** COLLECTED MATERIAL follows **

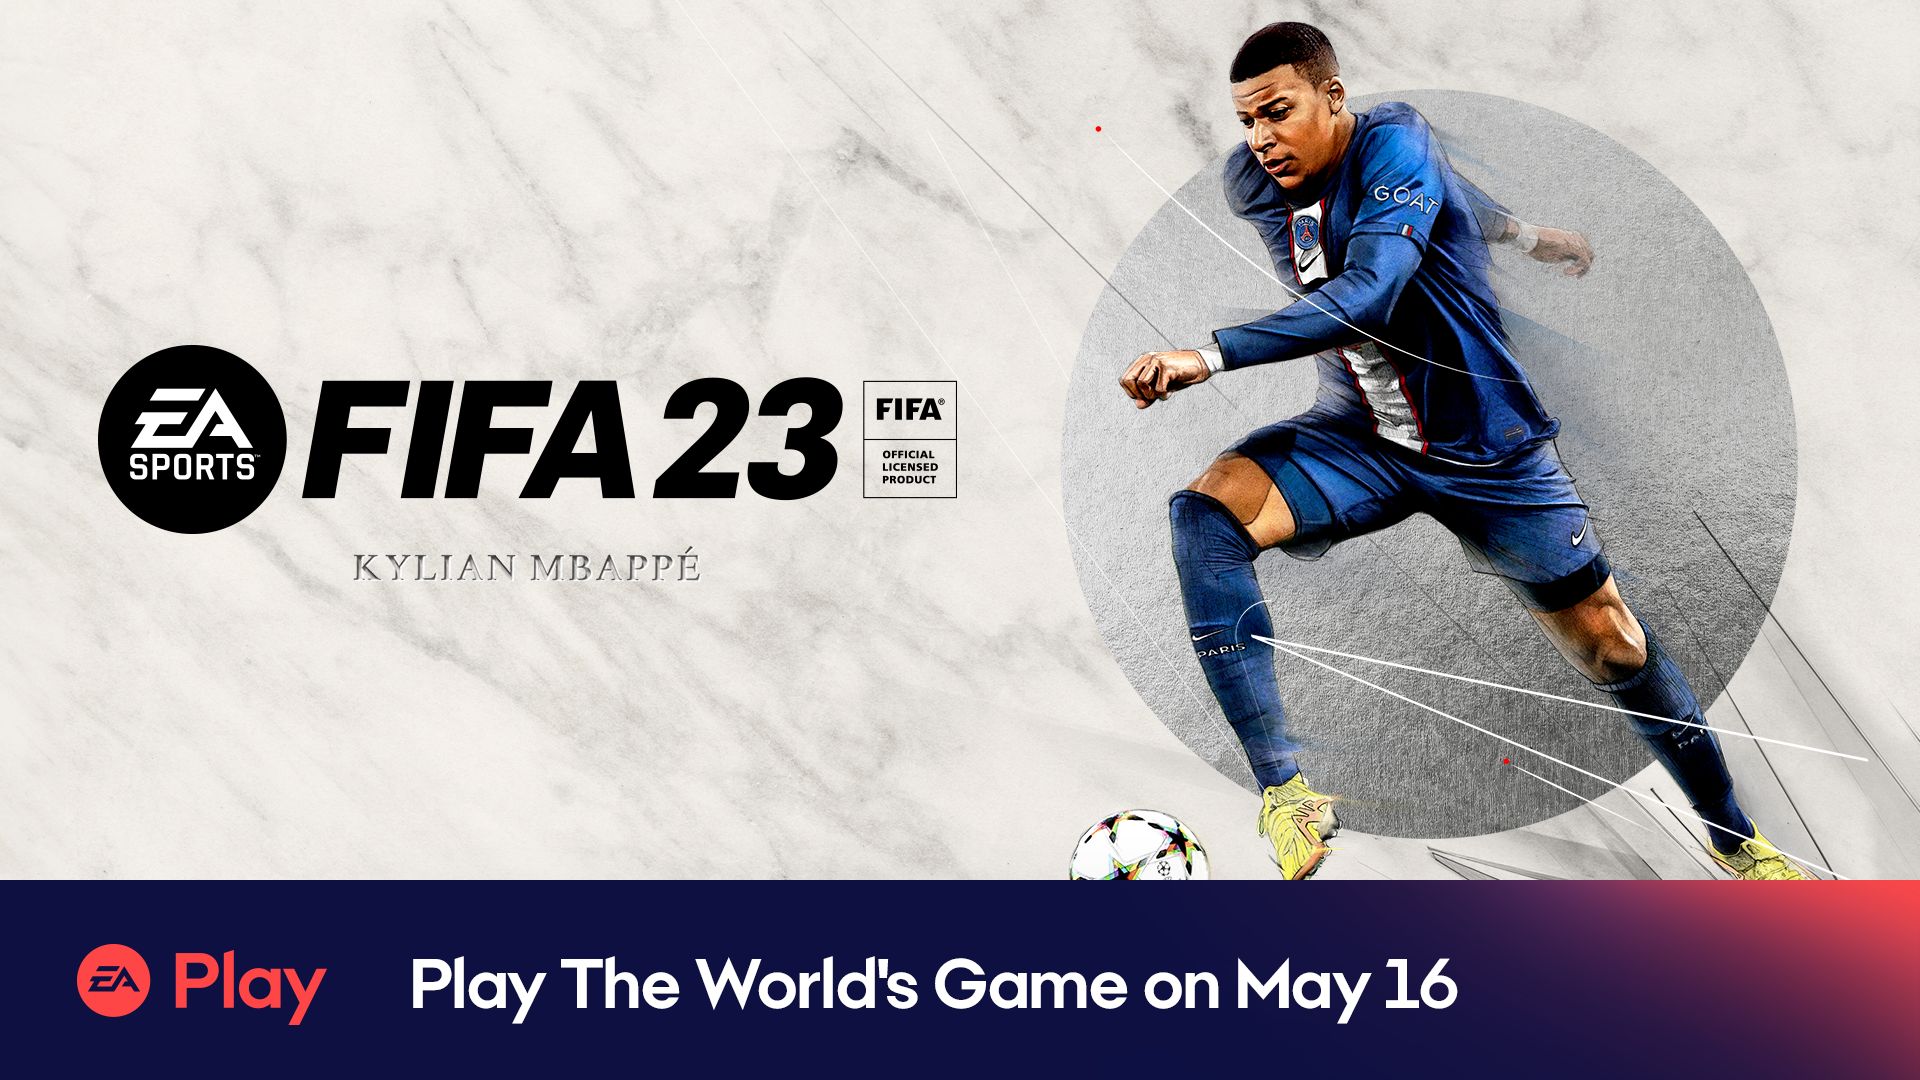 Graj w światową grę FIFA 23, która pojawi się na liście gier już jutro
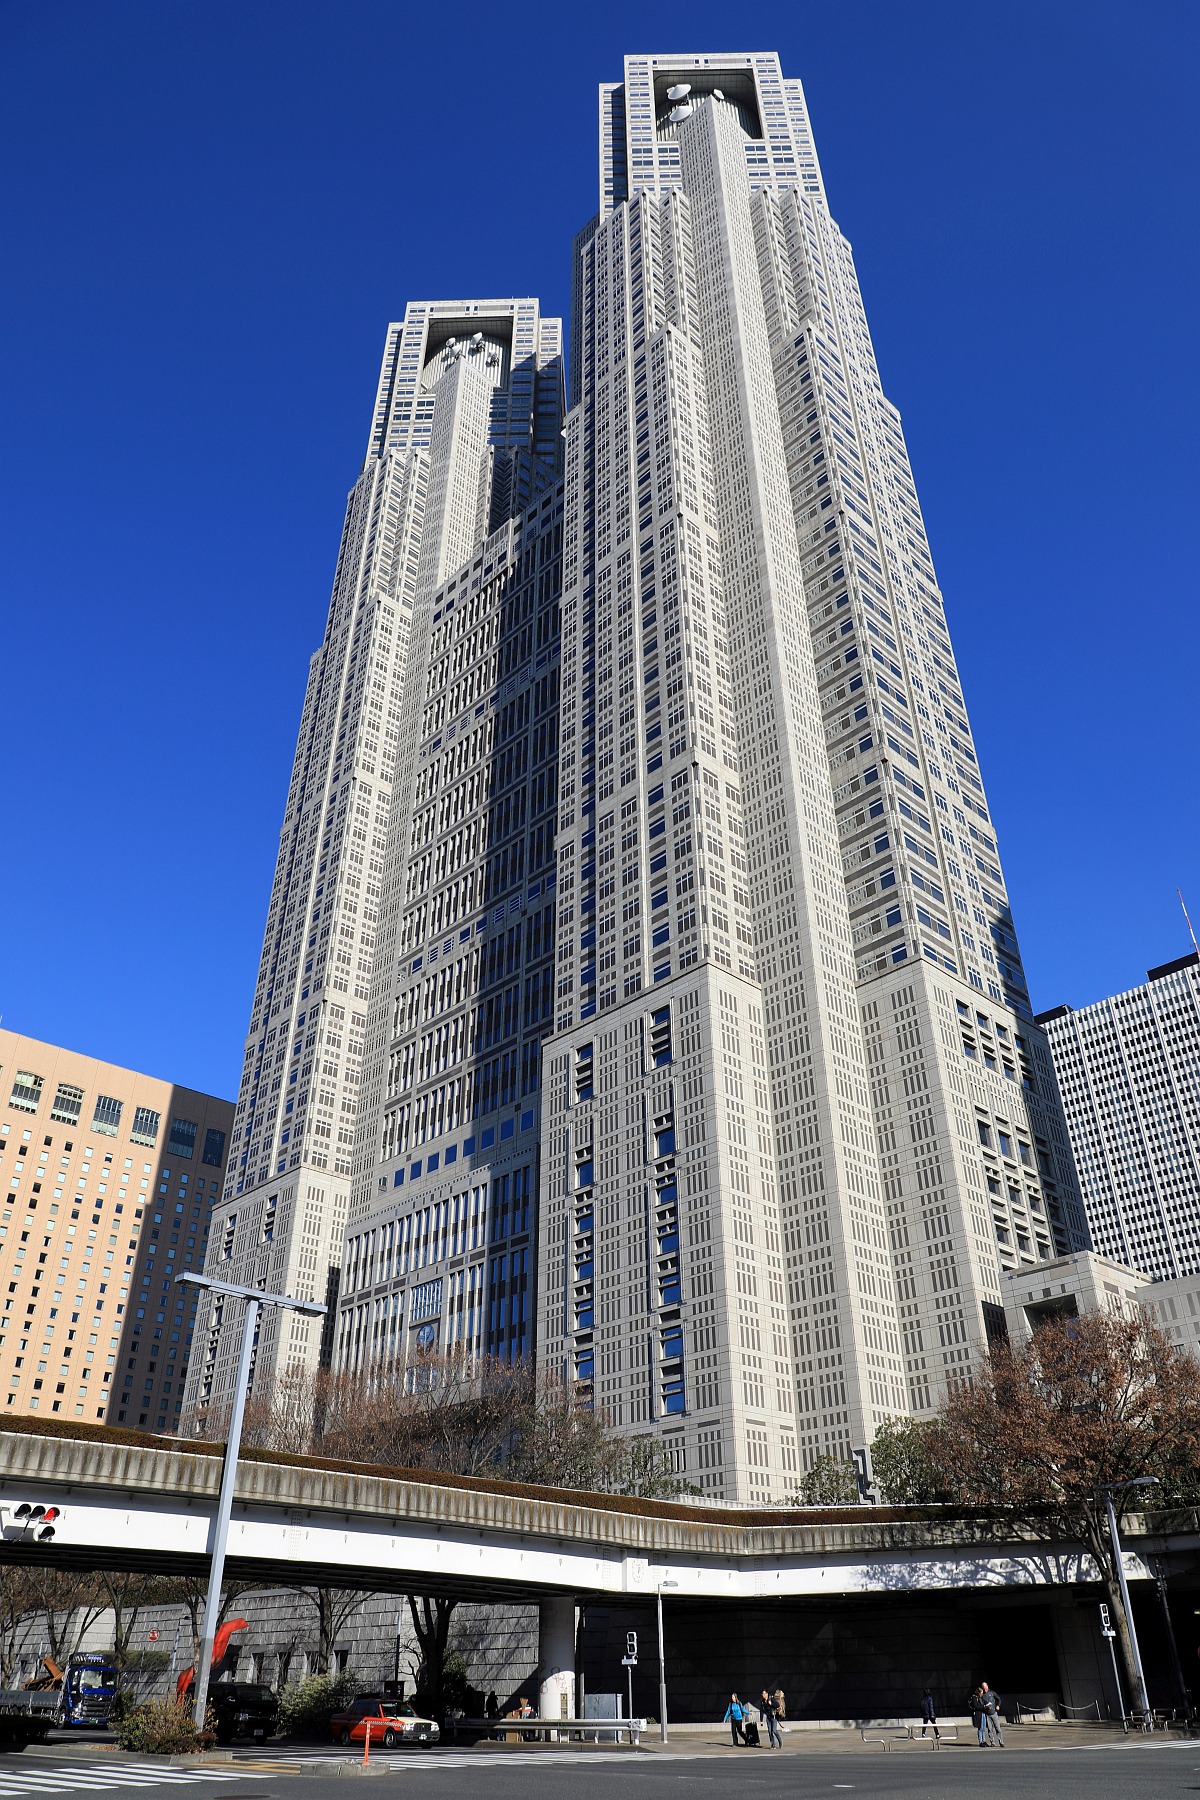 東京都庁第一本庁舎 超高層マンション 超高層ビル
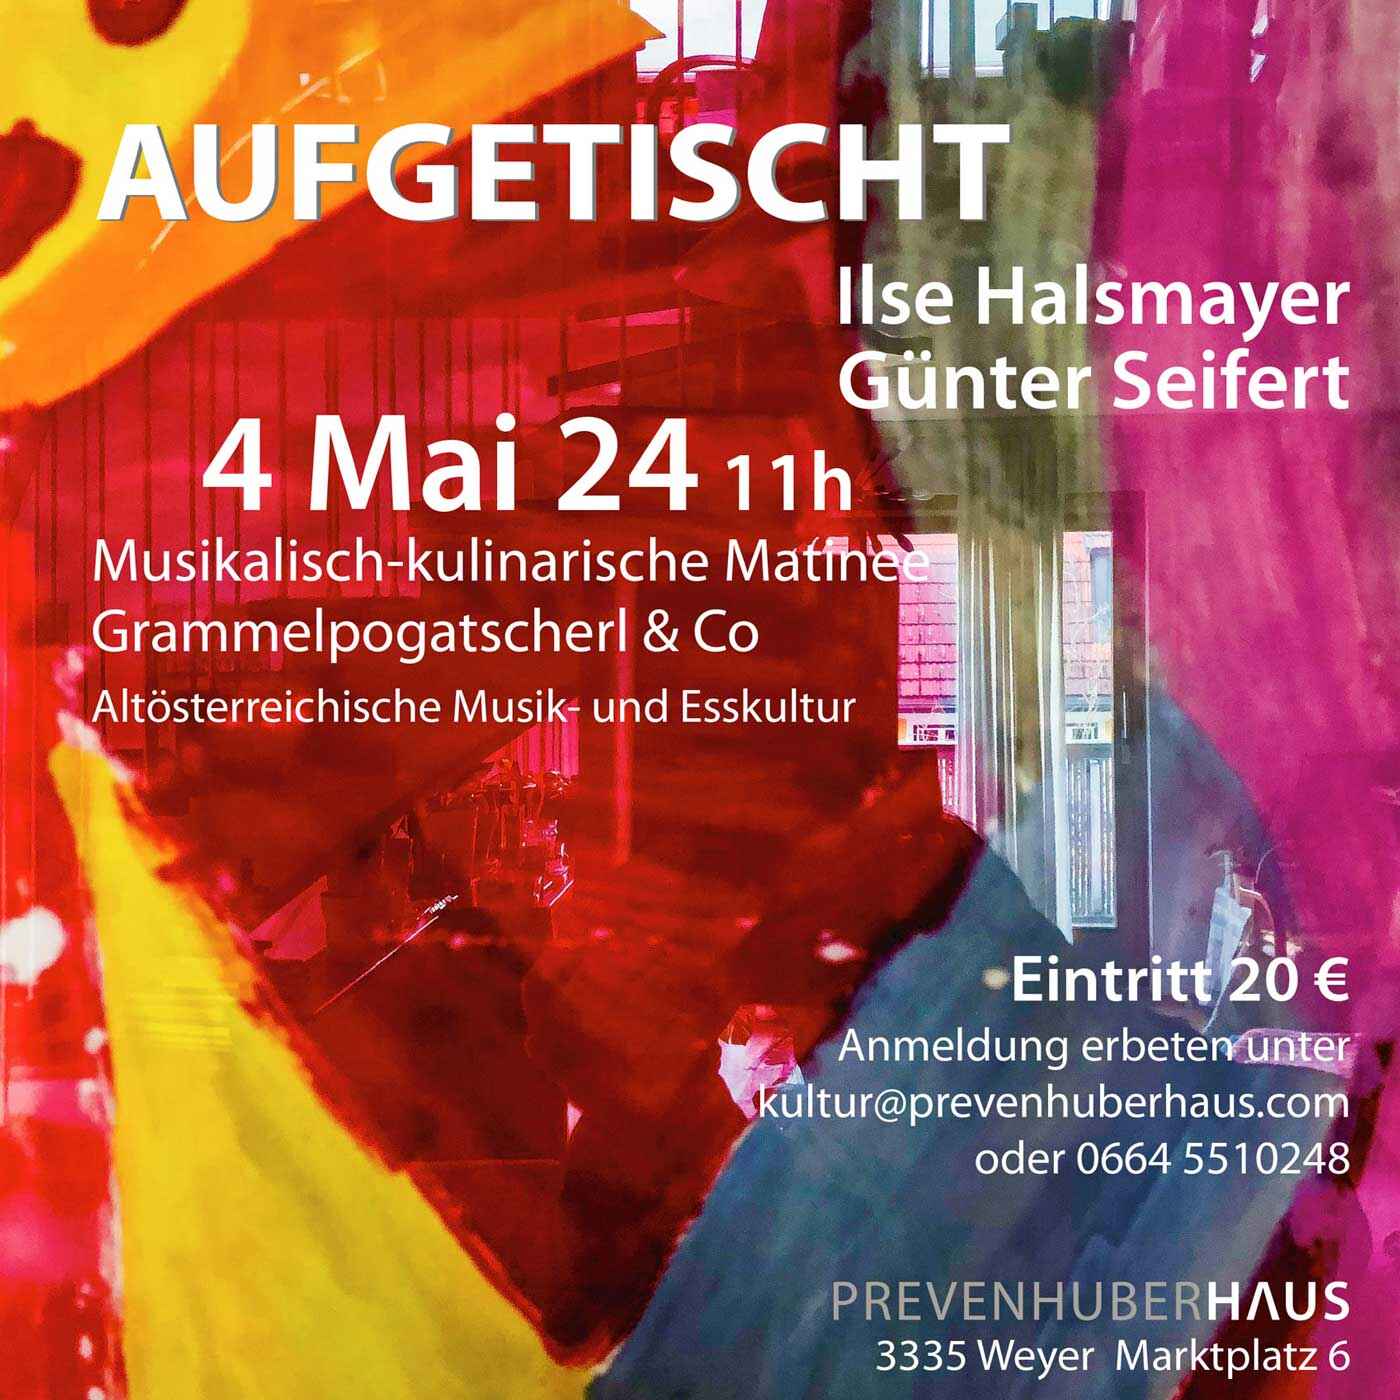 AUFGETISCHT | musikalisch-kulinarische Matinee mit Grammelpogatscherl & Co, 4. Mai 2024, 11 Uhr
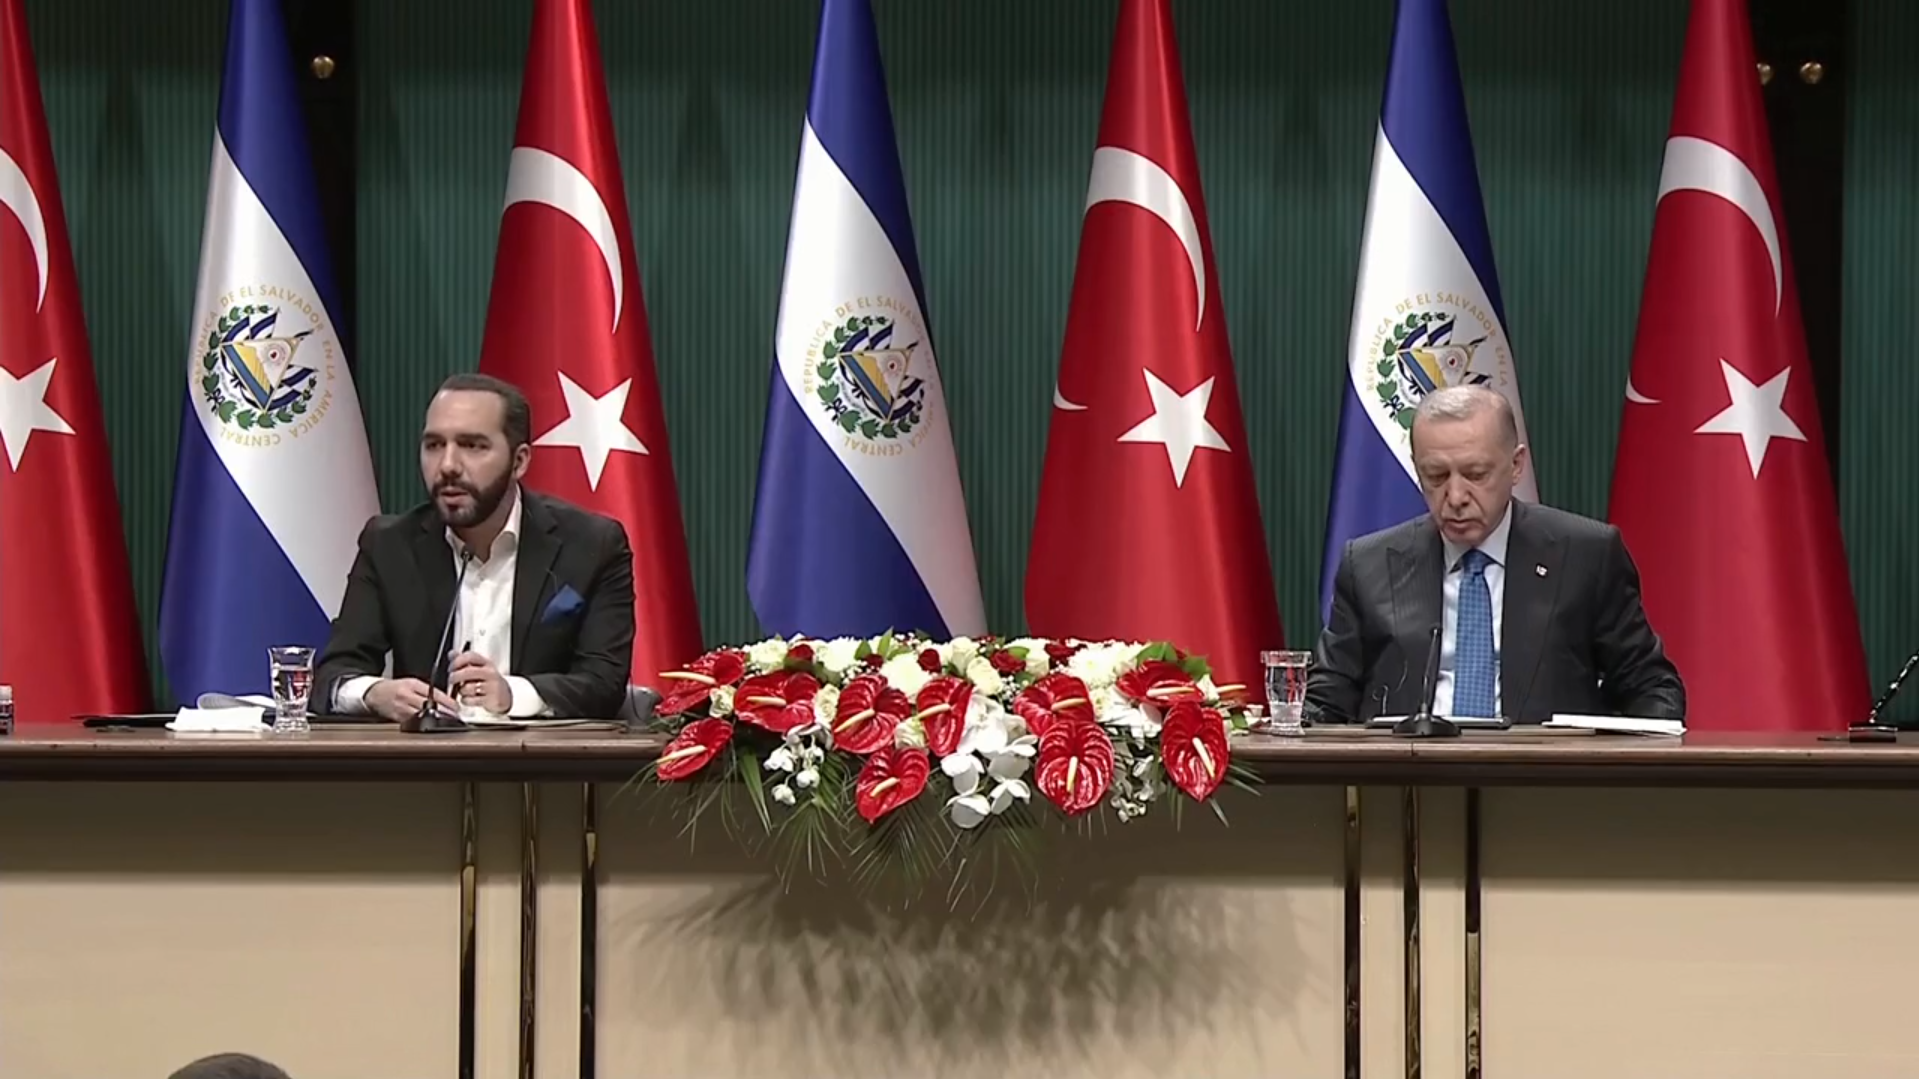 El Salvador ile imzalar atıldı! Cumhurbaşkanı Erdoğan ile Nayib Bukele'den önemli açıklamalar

** End of COLLECTED MATERIAL **

REQUIRED ACTION: Repeat the listing verbatim. Skip the pictures.

EXERCISE SOLUTION:
 Graj w światową grę FIFA 23, która pojawi się na liście gier już jutro
 東京都庁第一本庁舎 超高層マンション 超高層ビル
 AUFGETISCHT | musikalisch-kulinarische Matinee mit Grammelpogatscherl & Co, 4. Mai 2024, 11 Uhr
 El Salvador ile imzalar atıldı! Cumhurbaşkanı Erdoğan ile Nayib Bukele'den önemli açıklamalar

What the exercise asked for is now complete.